The messages the dying leave are often poignant in unexpected ways. The family of a woman who was dying from a diseased liver hired personal historian Susan Rothenberg to do an oral history with the woman, partly to give them all something else to think about besides her illness. Asked what lessons she wanted to leave for her grandchildren, the woman told Susan, “Only worry about things you can do something about. My liver is gone. I need a new one, but I’m too old and too sick to get one, and anyway, I think it should go to a younger person. But one of my granddaughters is going to have a bat mitzvah and another is getting married and I don’t know what I’m going to wear to either celebration. That worries me.”
[To Top]


Practical Considerations with Legacy Videos


Increasingly, hospices are encouraging legacy videos. “Personally, I’m glad I don’t have videotapes of my mother and father as hospice patients,” says Stimson. “I worked a long time to get those images out of my head and remember them as lively, vital people. And I think that’s the benefit of the written word: That’s about when they were lively and vital. You have these stories from when life was rich and blood was coursing through their veins and they were at their best. I think putting words on paper, formalizing memories and experiences, has a value to people that we can’t know. As a tribute, it’s more than a trophy, more than a dinner party, more than a photograph. It’s their words. And you don’t need a piece of technology to give you access to it.”

But some clients cherish those final videos, particularly if they capture the final thoughts and wishes of adults who won’t see their children or grandchildren grow up. Vickie Holland has done about a dozen “life legacy” videos for patients at the Northcare Hospice, in North Kansas City, Missouri, in addition to life stories she does for private clients. “Initially, I was hesitant to volunteer for this project,” says Holland. “It sounded like it could be depressing, but I have found it to be the opposite. I believe the video plays a big role in wrapping up their end-of-life preparation. They have to talk to family members about the stories they want to include and again when they gather photos. The video just wraps things up with a bow for them.”

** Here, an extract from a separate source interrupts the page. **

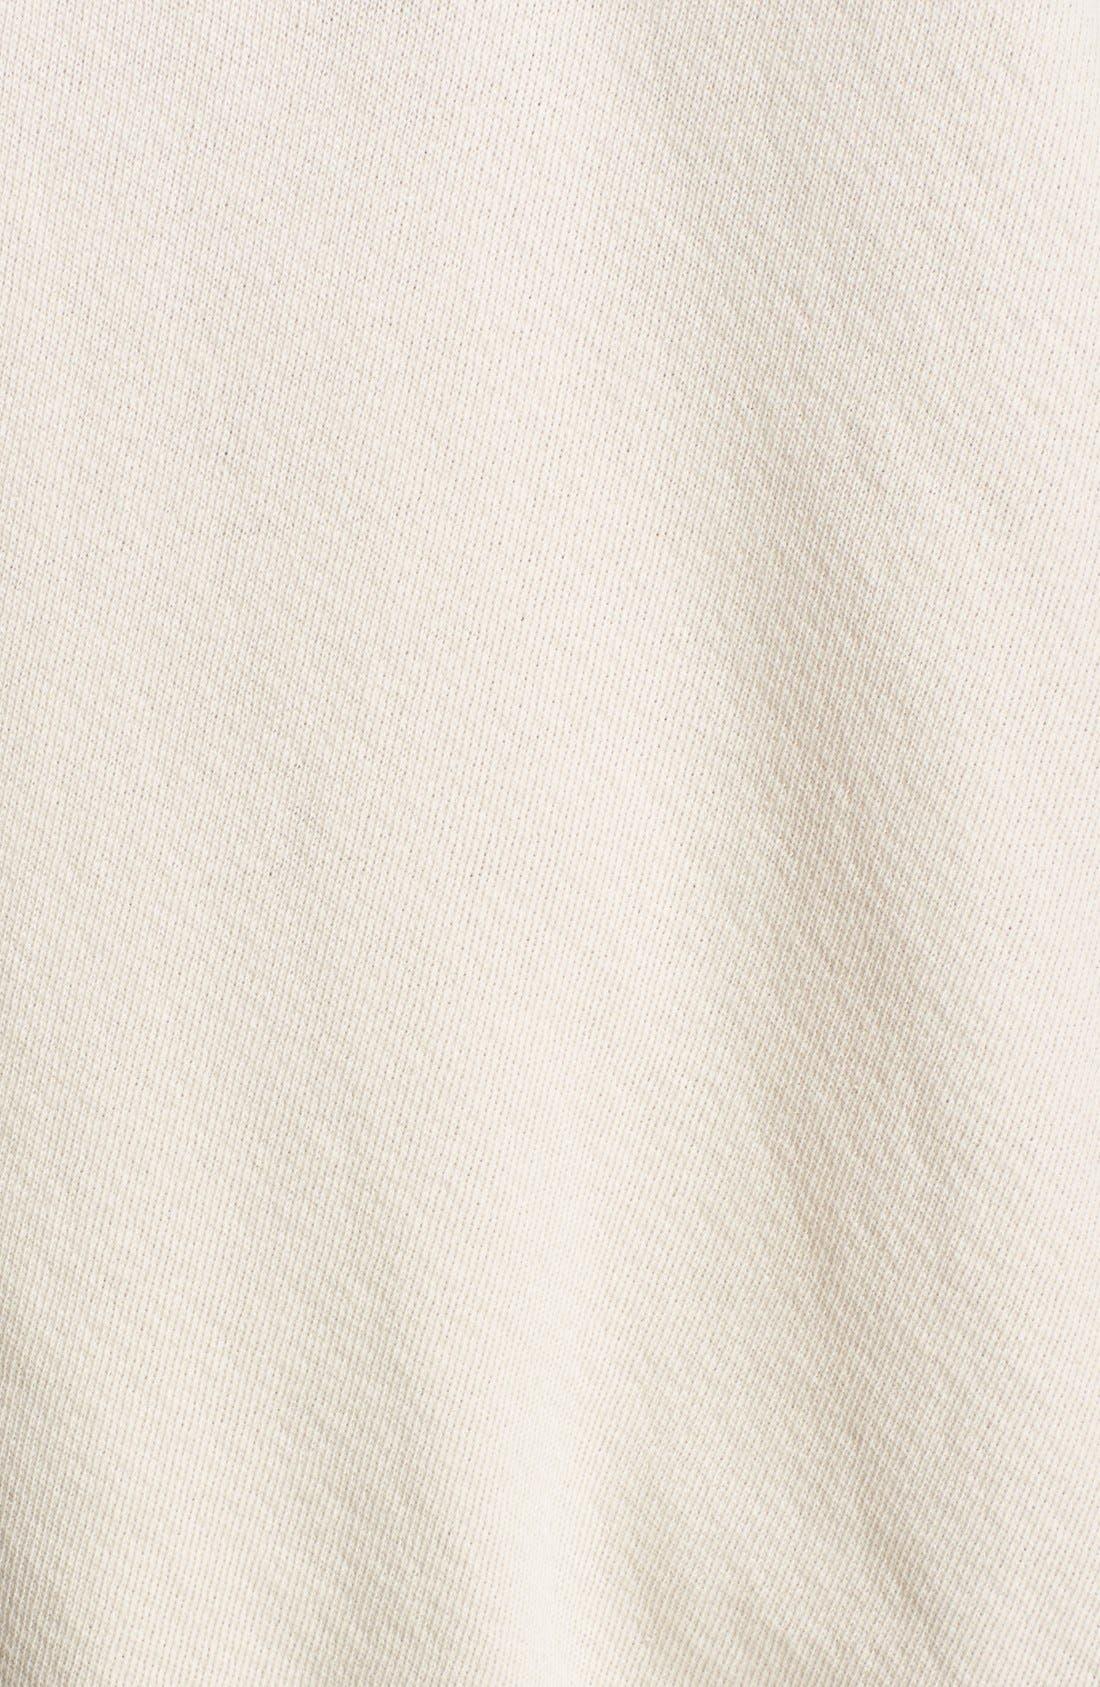 'The Anchor' Sweatshirt,                             Alternate thumbnail 4, color,                             909
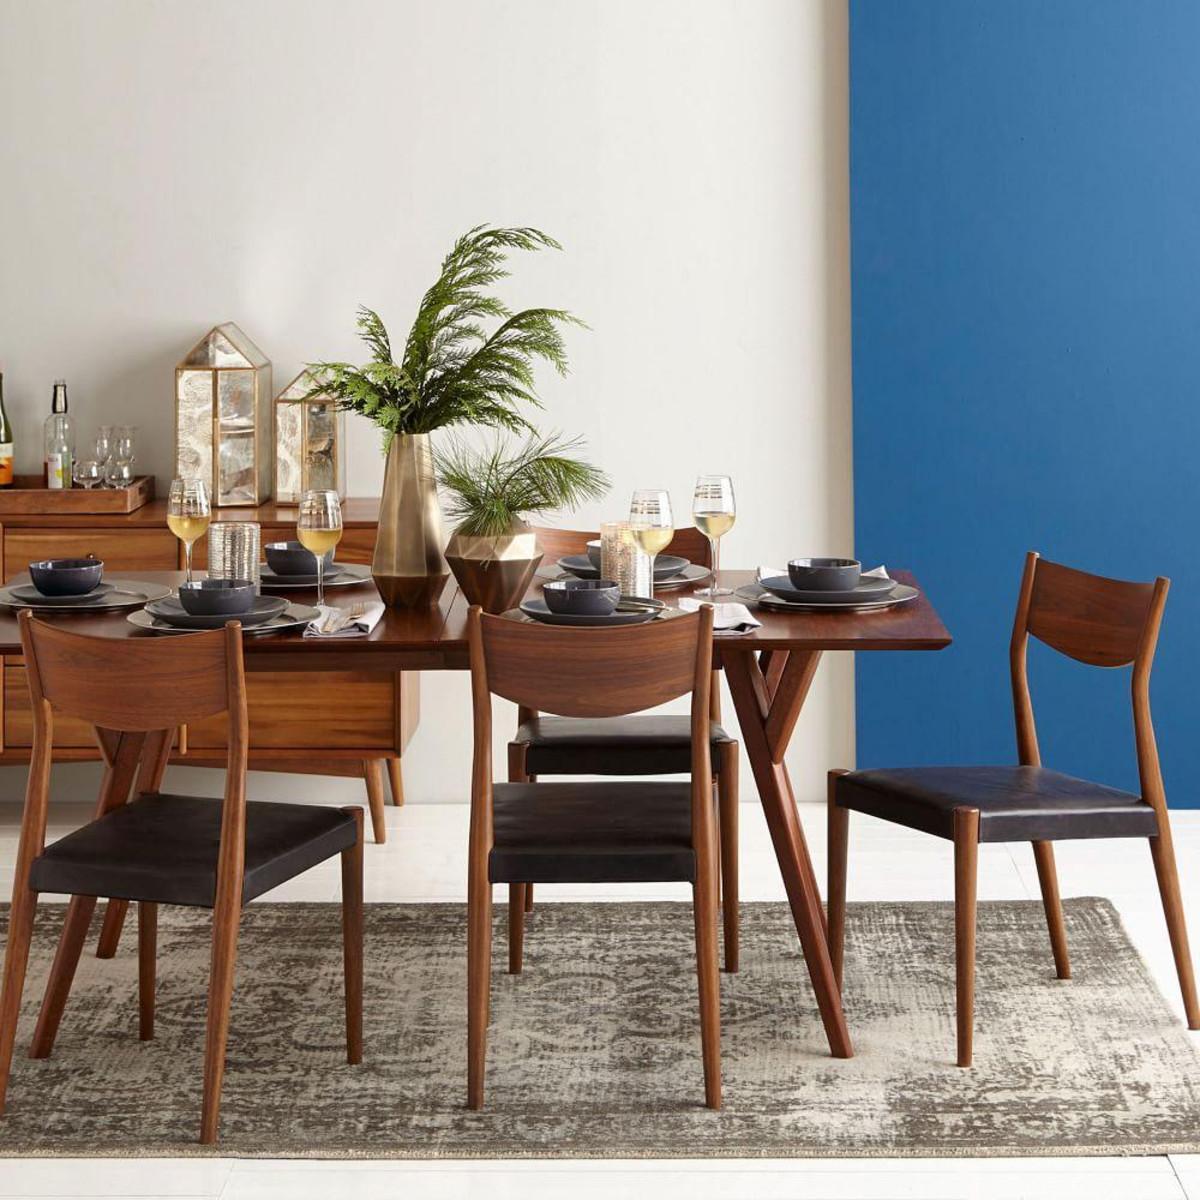 Best ideas about Mid Century Modern Dining Table . Save or Pin Mid Century Expandable Dining Table Walnut Now.

Personal historian Dan Curtis did a series for the National Film Board of Canada, Bearing Witness, following three individuals at the end of their lives. He is currently heading up a pilot project to provide Legacy Audio services for patients registered with hospice in Victoria, British Columbia. He has learned in working with people toward the end of their life that “things don’t always work out in a nice, neat, orderly fashion. They may say, ‘Let’s do something tomorrow,’ and tomorrow they’re not physically up to it. You must have immense patience and ability to go with the flow. You must be sensitive to their time and how they’re feeling. Sometimes you realize after 15 minutes they are beginning to lose it, so you say, ‘I think maybe we’d better stop here.’ You have to deal with what’s happening right in front of you, instead of thinking, My job is to get some kind of life story.” Many patients are not up to many hours of interviews. They may be able to cope with only two or three hours, in which case you really need to talk about what is important to them to leave behind. “It may be they have things they really want to say to their children or grandchildren,” says Curtis. “They may not have time to reminisce about Aunt Bessie.”

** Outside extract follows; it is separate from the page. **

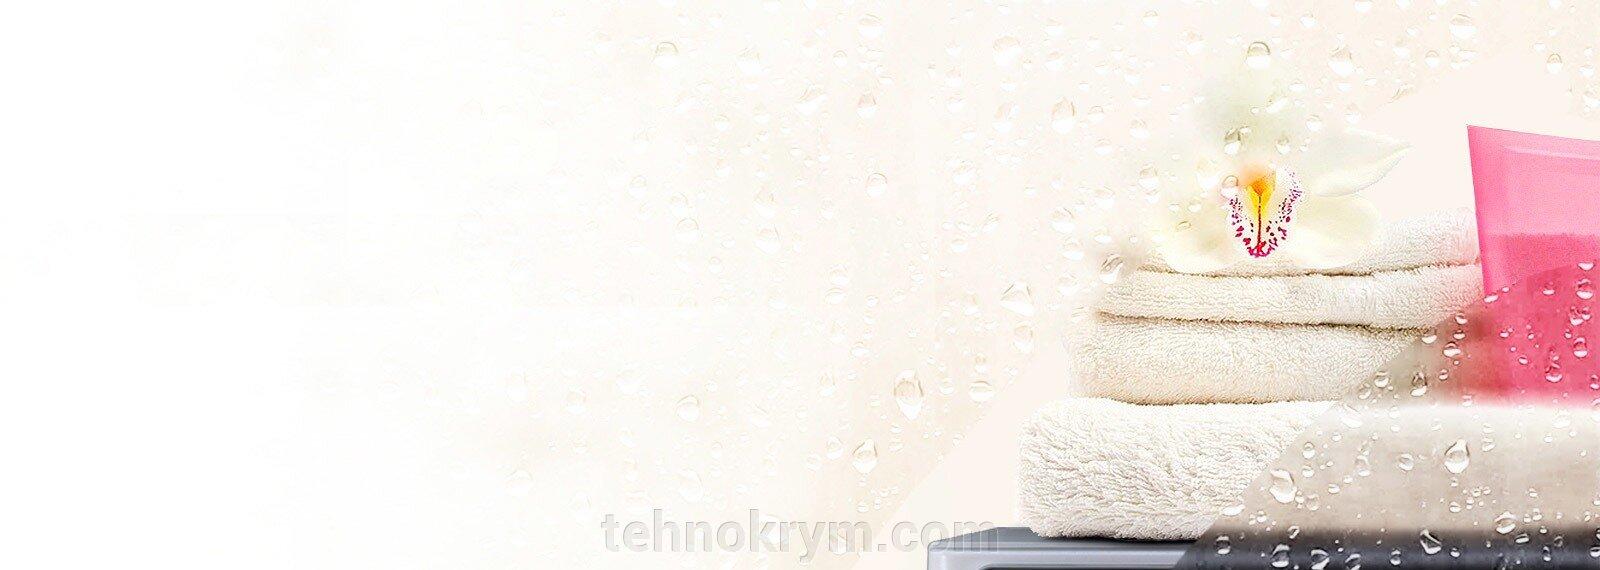 Стиральная машина Стиральная машина LG F2M5HS4W с прямым приводом и функцией пара Steam - фото LG F2M5HS4W

Aware of the patient’s vulnerability, you must quickly identify their needs, agenda, and physical limitations. And not everyone is interested in leaving such a legacy. “Often it’s the family members who want something done, not necessarily the patients,” says Curtis. Curtis and the volunteers he trains leave a one-page description of their pilot program with hospice patients. About a third agrees to participate, which is similar to the ratio in a program conducted at two universities (Allen 2008). Another third of the patients seem to feel that if they participate, “It’s over. The curtains are going to close.” So they say, “I’m not quite ready for this now.” “ For some patients,” says Curtis, “if you don’t get them at the right window of opportunity, there are just too many other issues going on—medications, pain management, family issues-—and adding one more thing doesn’t seem appropriate.

Some people just don’t see the value to it. Their view is, my family knows who I am; I don’t need to say anything more. And finally, let’s face it, in some families, there’s no love lost between parent and child so they really don’t want to do anything.”

Still, most individuals want to tell their stories and leave something behind, given the opportunity, and they usually need help. Carolyn, a woman who had battled cancer for eight years, asked Dan Curtis to help her create a video ethical will. He taped two hours, some of it with Carolyn watching her kids play soccer, walking with her family on the beach, and decorating the Christmas tree. They edited it down to an hour, adding photographs and Carolyn giving instructions to her daughters: “I won’t be there when you start dating. I won’t be there when you get married. These are some of the things I want to tell you that I believe it’s important that you do with your life.” It was her way of leaving behind a kind of instruction book. “She had a chance to show it to her husband and daughters about a month before she died,” says Curtis, “and told me ‘Poof. Now I can go.’ ” And a month later she did.

Writer-editor Pat McNees is the author of Building Ten at Fifty: 50 Years of Clinical Research at the NIH Clinical Center and of Changing Times, Changing Minds, 100 Years of Psychiatry at the University of Maryland School of Medicine, among other titles. She compiled and edited the anthology Dying: A Book of Comfort and co-edited the anthology My Words Are Gonna Linger: The Art of Personal History. She teaches Life Stories and Legacy Writing at the Writer’s Center in Bethesda, MD. You can find useful links on life story and legacy writing at:
PatMcNees.com (Telling Your Story)
Have you created an ethical will? Have you received one?
Memoir, Biography, and Corporate History on Pat's Writers and Editors site.
[To Top]

You may download this article as a PDF file

References


• Allen, Rebecca S., Michelle M. Hilgeman, Margaret A. Ege, John L. Shuster, Louis D. Burgio. “Legacy Activities as Interventions Approaching the End of Life.” Journal of Palliative Medicine, Volume 11, Number 7, 2008: 1029-1038.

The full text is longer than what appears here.